**Problem details**
Exactly as given, write out all the entries again.

[Start of section]

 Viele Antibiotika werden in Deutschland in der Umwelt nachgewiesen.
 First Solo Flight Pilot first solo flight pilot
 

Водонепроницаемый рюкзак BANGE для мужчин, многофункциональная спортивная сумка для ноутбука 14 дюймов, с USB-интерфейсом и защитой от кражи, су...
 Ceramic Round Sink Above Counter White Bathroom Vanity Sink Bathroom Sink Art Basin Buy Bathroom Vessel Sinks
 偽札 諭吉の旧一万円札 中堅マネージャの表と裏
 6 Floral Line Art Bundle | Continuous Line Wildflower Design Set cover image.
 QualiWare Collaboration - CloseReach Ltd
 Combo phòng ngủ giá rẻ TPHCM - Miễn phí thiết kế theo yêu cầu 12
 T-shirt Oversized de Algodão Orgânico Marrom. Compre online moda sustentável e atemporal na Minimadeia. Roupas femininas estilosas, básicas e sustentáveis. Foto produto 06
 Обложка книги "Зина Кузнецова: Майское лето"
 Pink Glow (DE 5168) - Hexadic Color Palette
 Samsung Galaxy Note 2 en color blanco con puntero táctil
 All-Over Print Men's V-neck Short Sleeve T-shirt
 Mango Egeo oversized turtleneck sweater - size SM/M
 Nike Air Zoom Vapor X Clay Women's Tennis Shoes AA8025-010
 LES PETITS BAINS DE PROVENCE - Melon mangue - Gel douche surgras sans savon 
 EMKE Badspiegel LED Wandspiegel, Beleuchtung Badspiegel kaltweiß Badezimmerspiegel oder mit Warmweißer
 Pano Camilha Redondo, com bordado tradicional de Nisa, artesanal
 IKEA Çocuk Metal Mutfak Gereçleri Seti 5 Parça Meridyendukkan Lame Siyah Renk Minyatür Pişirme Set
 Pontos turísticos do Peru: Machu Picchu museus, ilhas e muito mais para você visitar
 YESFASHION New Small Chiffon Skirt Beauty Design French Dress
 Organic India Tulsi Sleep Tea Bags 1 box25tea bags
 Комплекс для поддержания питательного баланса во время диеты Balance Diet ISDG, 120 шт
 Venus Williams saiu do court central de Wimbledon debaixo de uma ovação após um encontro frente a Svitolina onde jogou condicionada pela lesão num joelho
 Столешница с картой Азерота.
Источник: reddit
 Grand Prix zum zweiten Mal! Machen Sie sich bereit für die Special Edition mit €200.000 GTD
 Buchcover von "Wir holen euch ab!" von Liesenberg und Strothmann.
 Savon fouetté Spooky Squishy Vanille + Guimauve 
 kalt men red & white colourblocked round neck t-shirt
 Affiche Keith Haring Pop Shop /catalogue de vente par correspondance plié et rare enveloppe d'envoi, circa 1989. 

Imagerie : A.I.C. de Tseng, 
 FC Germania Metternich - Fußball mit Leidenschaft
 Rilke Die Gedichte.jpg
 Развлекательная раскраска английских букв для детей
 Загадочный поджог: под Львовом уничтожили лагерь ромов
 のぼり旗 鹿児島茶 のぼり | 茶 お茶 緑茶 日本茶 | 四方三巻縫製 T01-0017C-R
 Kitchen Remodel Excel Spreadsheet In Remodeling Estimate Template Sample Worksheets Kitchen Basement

[End of section]

**Task output**
 Viele Antibiotika werden in Deutschland in der Umwelt nachgewiesen.
 First Solo Flight Pilot first solo flight pilot
 

Водонепроницаемый рюкзак BANGE для мужчин, многофункциональная спортивная сумка для ноутбука 14 дюймов, с USB-интерфейсом и защитой от кражи, су...
 Ceramic Round Sink Above Counter White Bathroom Vanity Sink Bathroom Sink Art Basin Buy Bathroom Vessel Sinks
 偽札 諭吉の旧一万円札 中堅マネージャの表と裏
 6 Floral Line Art Bundle | Continuous Line Wildflower Design Set cover image.
 QualiWare Collaboration - CloseReach Ltd
 Combo phòng ngủ giá rẻ TPHCM - Miễn phí thiết kế theo yêu cầu 12
 T-shirt Oversized de Algodão Orgânico Marrom. Compre online moda sustentável e atemporal na Minimadeia. Roupas femininas estilosas, básicas e sustentáveis. Foto produto 06
 Обложка книги "Зина Кузнецова: Майское лето"
 Pink Glow (DE 5168) - Hexadic Color Palette
 Samsung Galaxy Note 2 en color blanco con puntero táctil
 All-Over Print Men's V-neck Short Sleeve T-shirt
 Mango Egeo oversized turtleneck sweater - size SM/M
 Nike Air Zoom Vapor X Clay Women's Tennis Shoes AA8025-010
 LES PETITS BAINS DE PROVENCE - Melon mangue - Gel douche surgras sans savon 
 EMKE Badspiegel LED Wandspiegel, Beleuchtung Badspiegel kaltweiß Badezimmerspiegel oder mit Warmweißer
 Pano Camilha Redondo, com bordado tradicional de Nisa, artesanal
 IKEA Çocuk Metal Mutfak Gereçleri Seti 5 Parça Meridyendukkan Lame Siyah Renk Minyatür Pişirme Set
 Pontos turísticos do Peru: Machu Picchu museus, ilhas e muito mais para você visitar
 YESFASHION New Small Chiffon Skirt Beauty Design French Dress
 Organic India Tulsi Sleep Tea Bags 1 box25tea bags
 Комплекс для поддержания питательного баланса во время диеты Balance Diet ISDG, 120 шт
 Venus Williams saiu do court central de Wimbledon debaixo de uma ovação após um encontro frente a Svitolina onde jogou condicionada pela lesão num joelho
 Столешница с картой Азерота.
Источник: reddit
 Grand Prix zum zweiten Mal! Machen Sie sich bereit für die Special Edition mit €200.000 GTD
 Buchcover von "Wir holen euch ab!" von Liesenberg und Strothmann.
 Savon fouetté Spooky Squishy Vanille + Guimauve 
 kalt men red & white colourblocked round neck t-shirt
 Affiche Keith Haring Pop Shop /catalogue de vente par correspondance plié et rare enveloppe d'envoi, circa 1989. 

Imagerie : A.I.C. de Tseng, 
 FC Germania Metternich - Fußball mit Leidenschaft
 Rilke Die Gedichte.jpg
 Развлекательная раскраска английских букв для детей
 Загадочный поджог: под Львовом уничтожили лагерь ромов
 のぼり旗 鹿児島茶 のぼり | 茶 お茶 緑茶 日本茶 | 四方三巻縫製 T01-0017C-R
 Kitchen Remodel Excel Spreadsheet In Remodeling Estimate Template Sample Worksheets Kitchen Basement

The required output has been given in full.